Both scientists and non-scientists can experience a journey into outer space at the planetarium. The astrophysicist reflects: “I have the privilege of working on the world’s largest telescopes and knowing what a really dark, clear night sky looks like, for example the view from the desert in northern Chile. Often, the general public hasn't experienced this. Not only can you experience a night sky like this in the planetarium, but you can also see the lights in the sky that are not visible to our eyes, such as infrared light, ultraviolet light, gamma rays and so on. I find this truly fascinating.”

Looking to Earth

Visitors to the Deutsches Museum in Munich can view an exhibition on outer space.

Visitors to the Deutsches Museum in Munich can view an exhibition on outer space.

Randall’s dream: to switch perspectives for once and look to Earth from space. And this wish could be granted. The scientist is a finalist in the “Die Astronautin” initiative, which aims to send the first female German astronaut into space.

Not only would a flight into outer space make her personal dream come true, but it would also open up a variety of research opportunities. The trainee astronaut is inspired by the notion of using her own body for experiments. She wants to explore the effects of weightlessness on the human body. The aim of this research: to enable longer space missions and, one day, a flight to Mars.

An eerie concept

Dr. Suzanna Randall is not taking outer space and the journey there for granted. When it comes to the flight into space, the astrophysicist respects the launch and landing most of all. And even she cannot comprehend certain aspects of outer space: “The whole concept of the universe is eerie. I still remember lying awake at night as a child and thinking: ‘How can it be possible that the universe was created from nothing? How is it possible that our Earth and everything I know will cease to exist in a few billion years?’ It simply doesn’t make sense to the human brain.”
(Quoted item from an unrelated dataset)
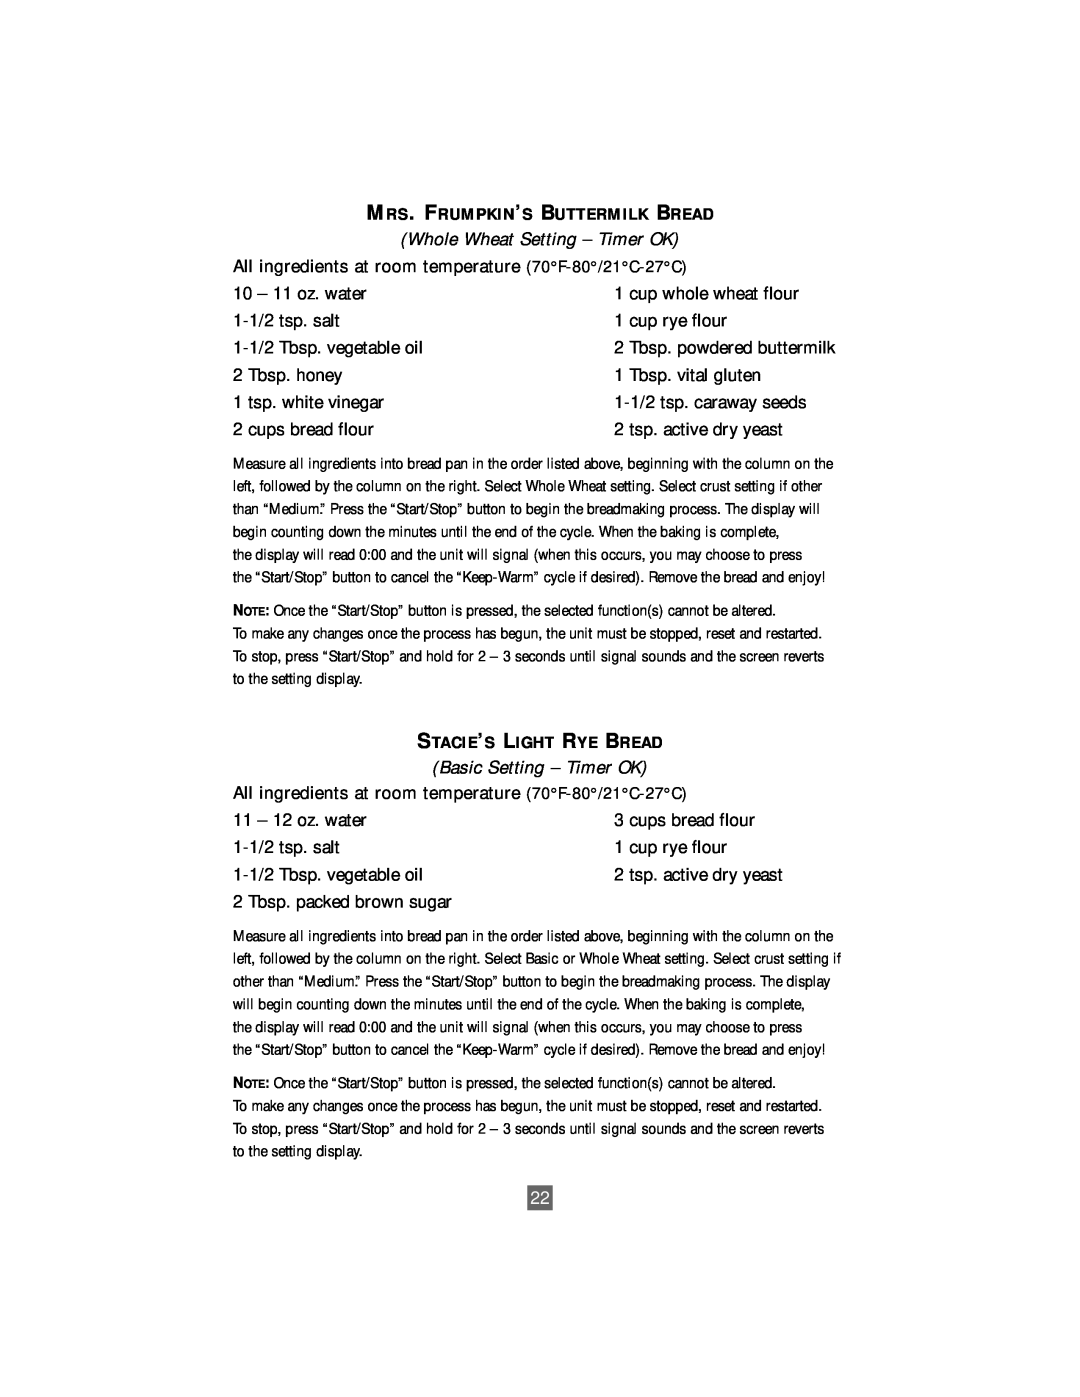 Oster P. N. 101017 manual Whole Wheat Setting - Timer OK, Basic Setting - Timer OK, Mrs. Frumpkin’S Buttermilk Bread

And yet the researcher’s curiosity prevails. If she gets the opportunity to travel to outer space, she will be most excited about the change in perspective. As an astrophysicist, she looks from the Earth to the sky. A flight into space would enable her to look from the sky back to Earth – the famous overview effect.

Dr. Suzanna Randall

I think the awesome thing about looking from outer space back to Earth is the famous overview effect. You suddenly realize that the borders between countries are not really important. That the minor issues and quarrels we have on Earth are not really important.

Dr. Suzanna Randall

Researcher at the European Southern Observatory (ESO)

A flight into space gives astronauts the famous overview effect.

A flight into space gives astronauts the famous overview effect.